■ **WHAT YOU HAVE TO DO**: Would you please repeat, word for word, only the lines from the one holding "Bosnien-Herzegowina (kroatisch) /" through the one holding "Karl Lagerfeld Sapatilhas" in the material below, without the pictures?

■ **EXERCISE MATERIALS**:

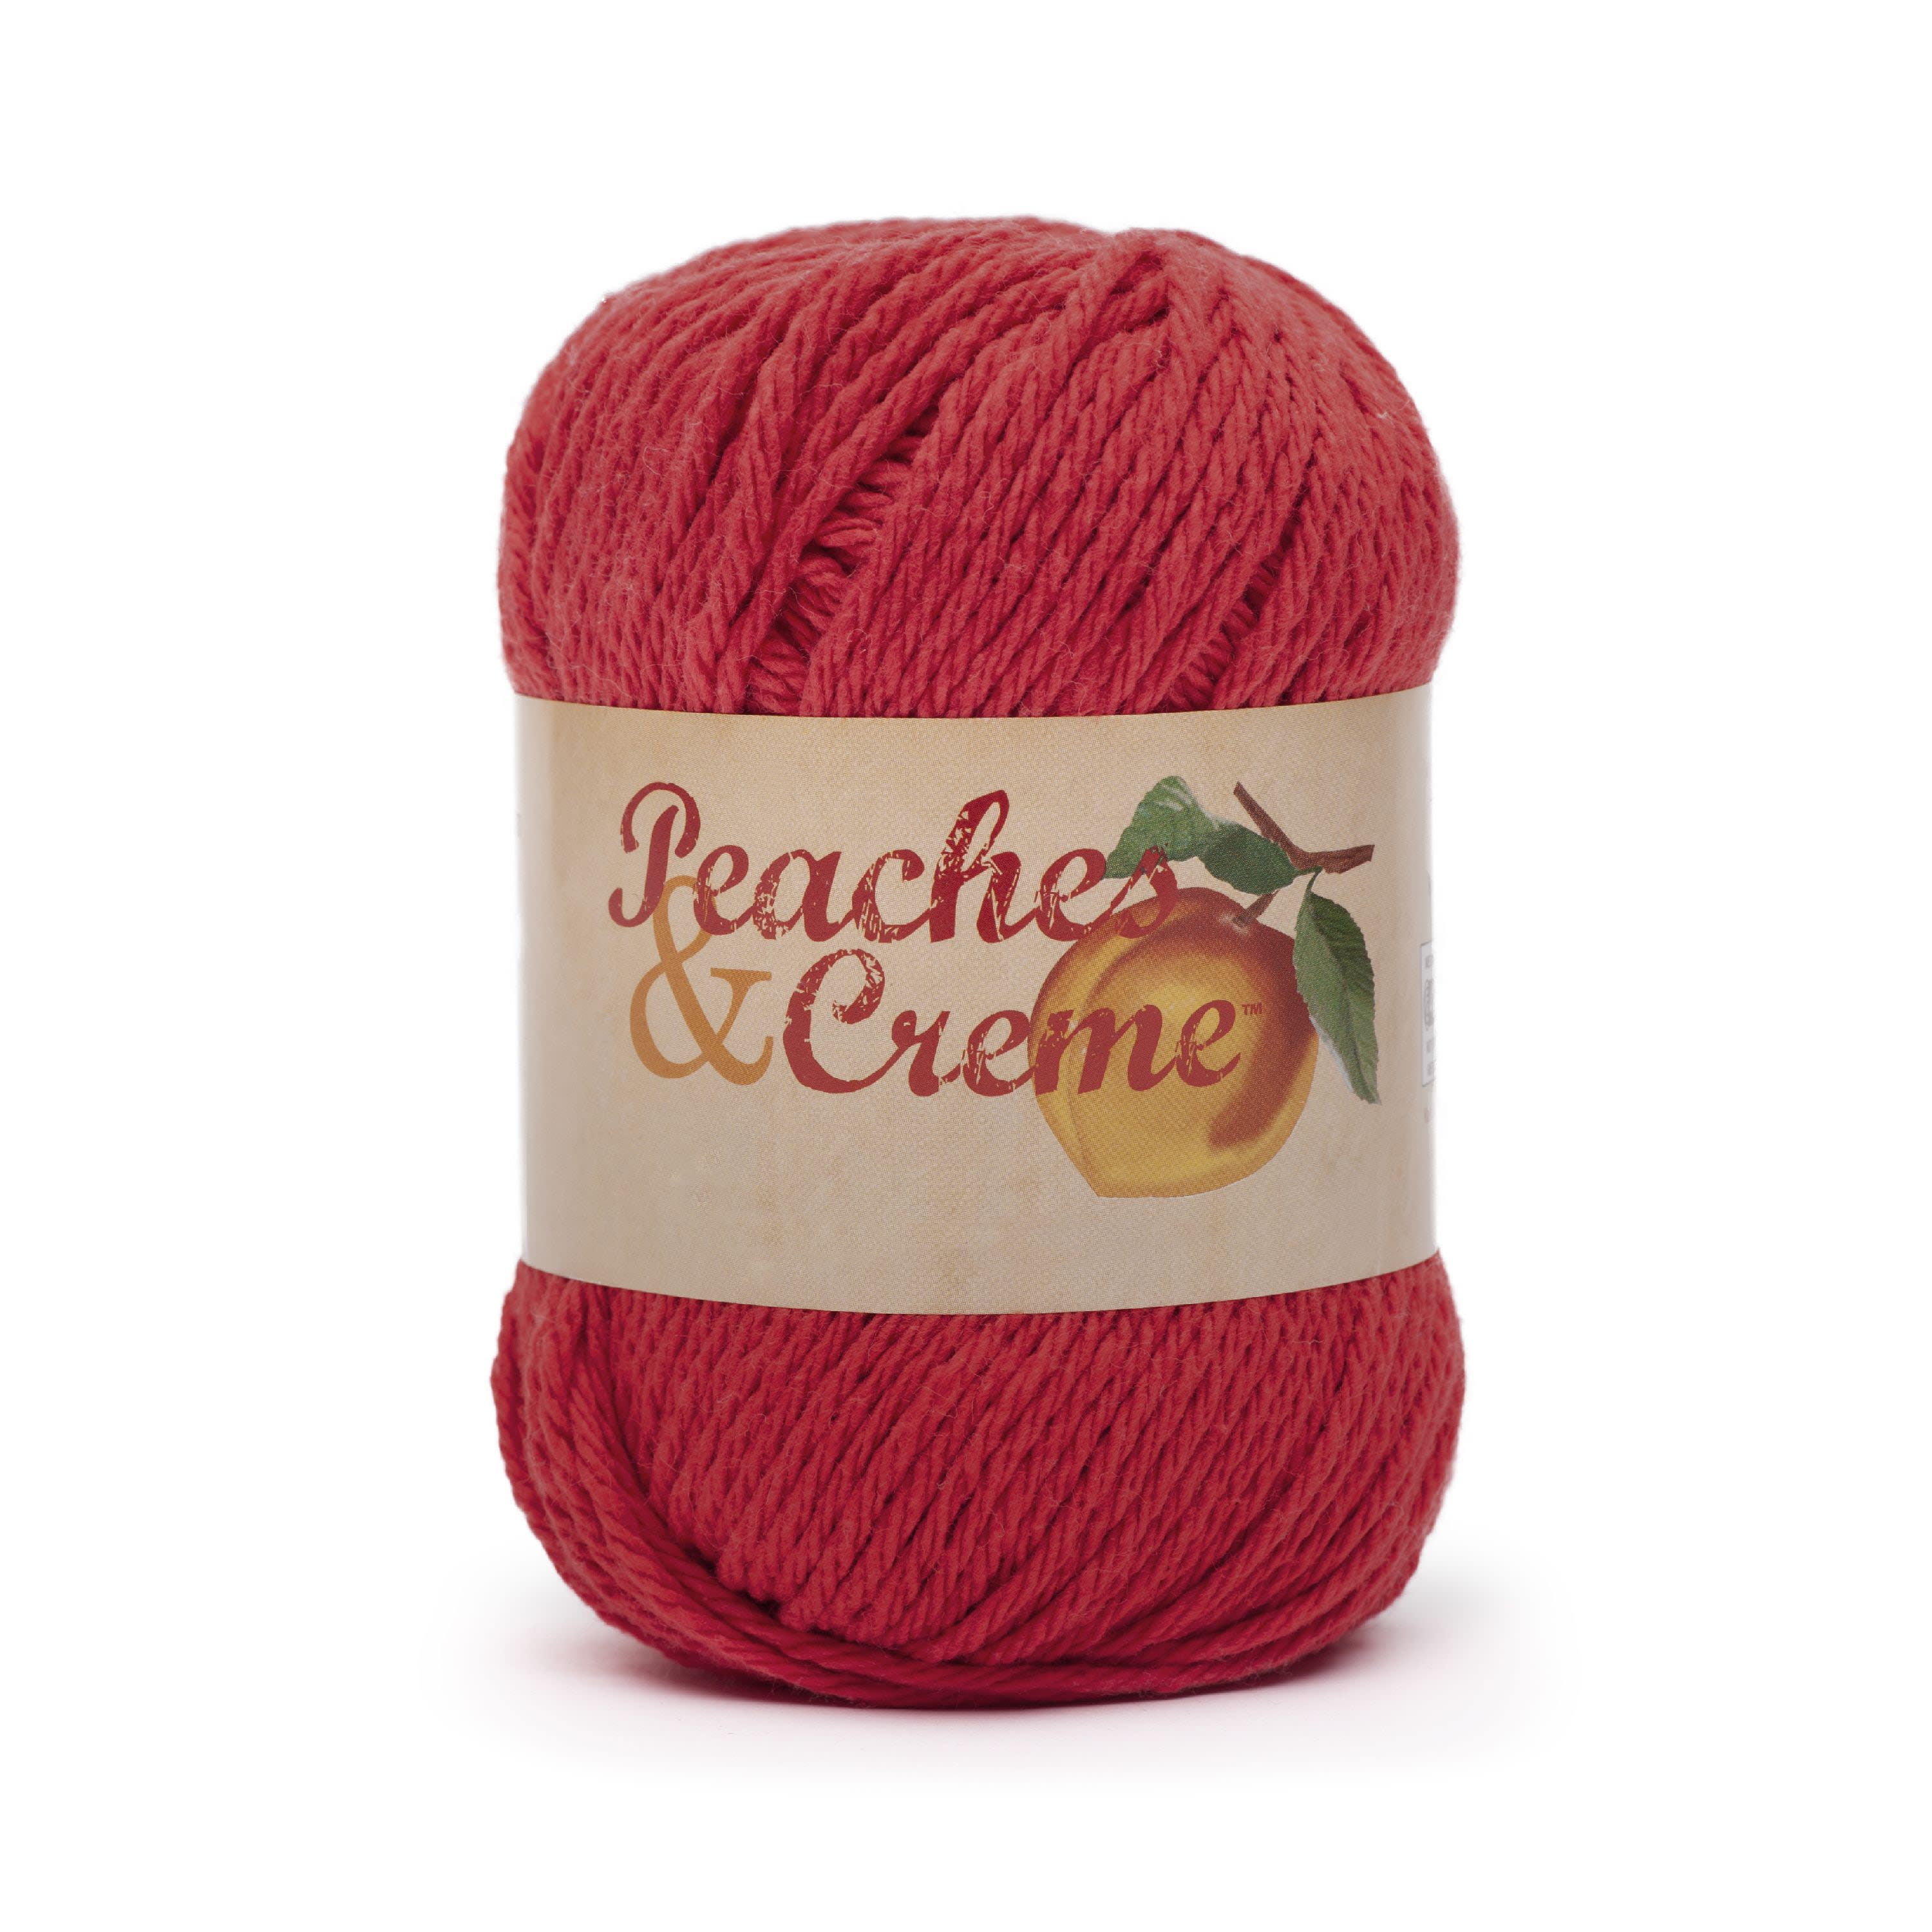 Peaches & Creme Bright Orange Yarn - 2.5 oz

---

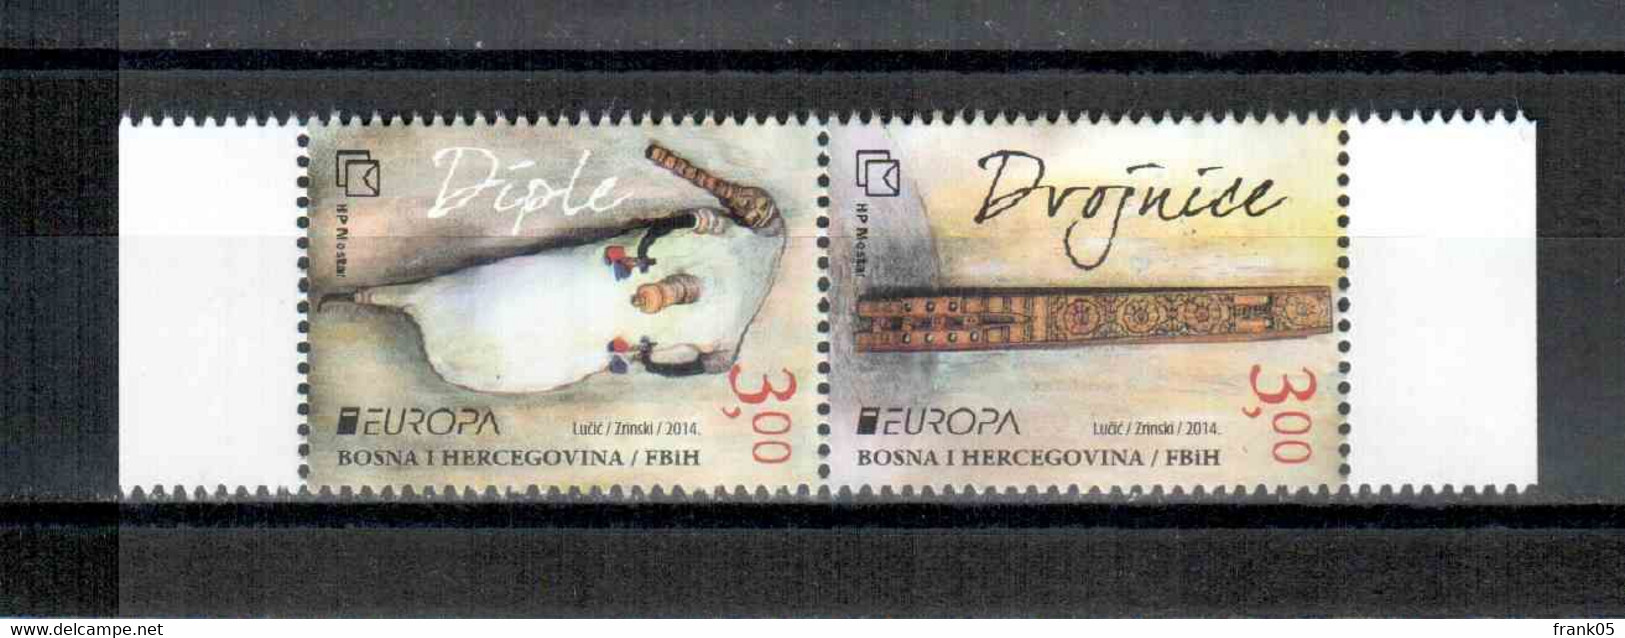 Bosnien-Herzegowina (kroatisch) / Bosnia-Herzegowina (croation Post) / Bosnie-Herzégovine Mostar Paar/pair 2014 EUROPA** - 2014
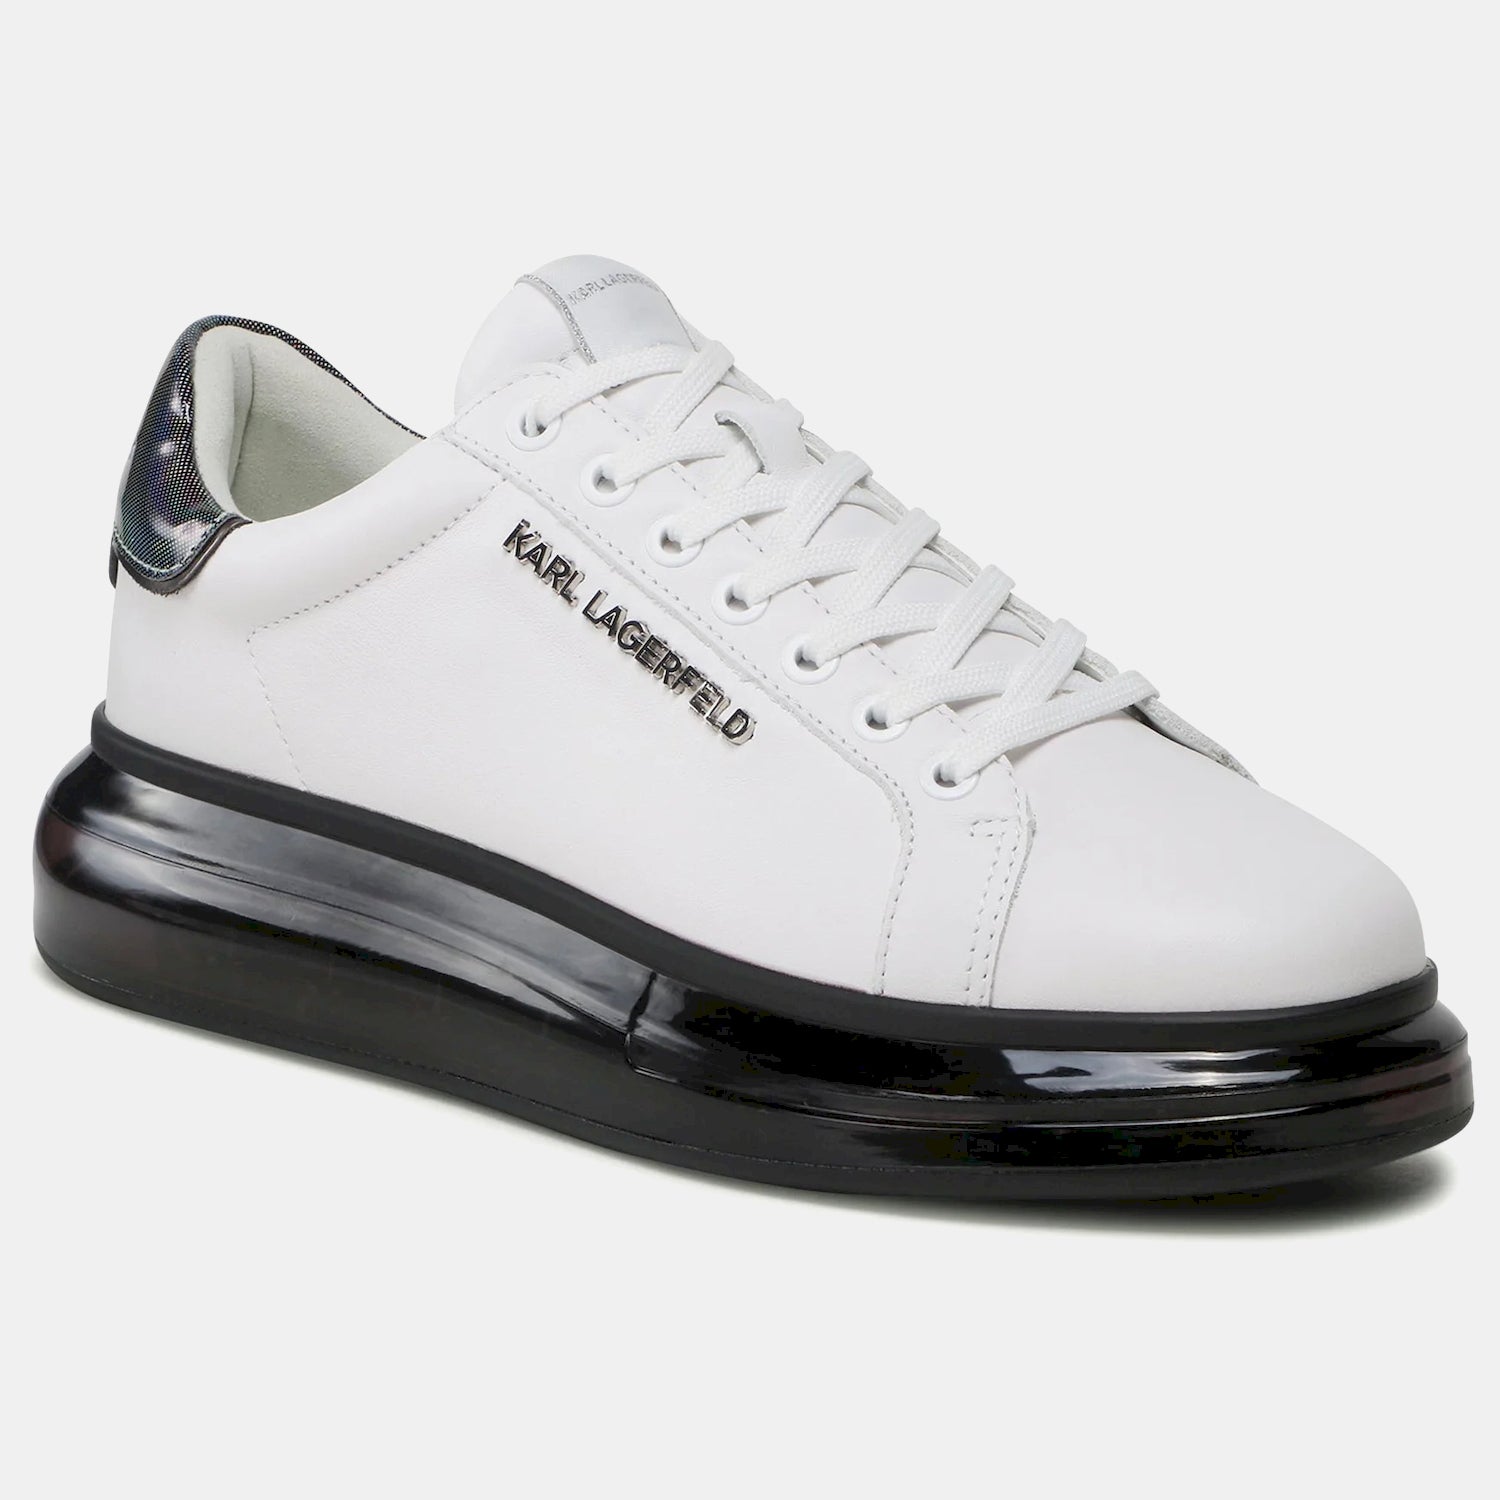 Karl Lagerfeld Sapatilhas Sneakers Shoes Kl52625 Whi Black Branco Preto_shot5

■ **OUTPUT BELOW**:
 Bosnien-Herzegowina (kroatisch) / Bosnia-Herzegowina (croation Post) / Bosnie-Herzégovine Mostar Paar/pair 2014 EUROPA** - 2014
 Karl Lagerfeld Sapatilhas Sneakers Shoes Kl52625 Whi Black Branco Preto_shot5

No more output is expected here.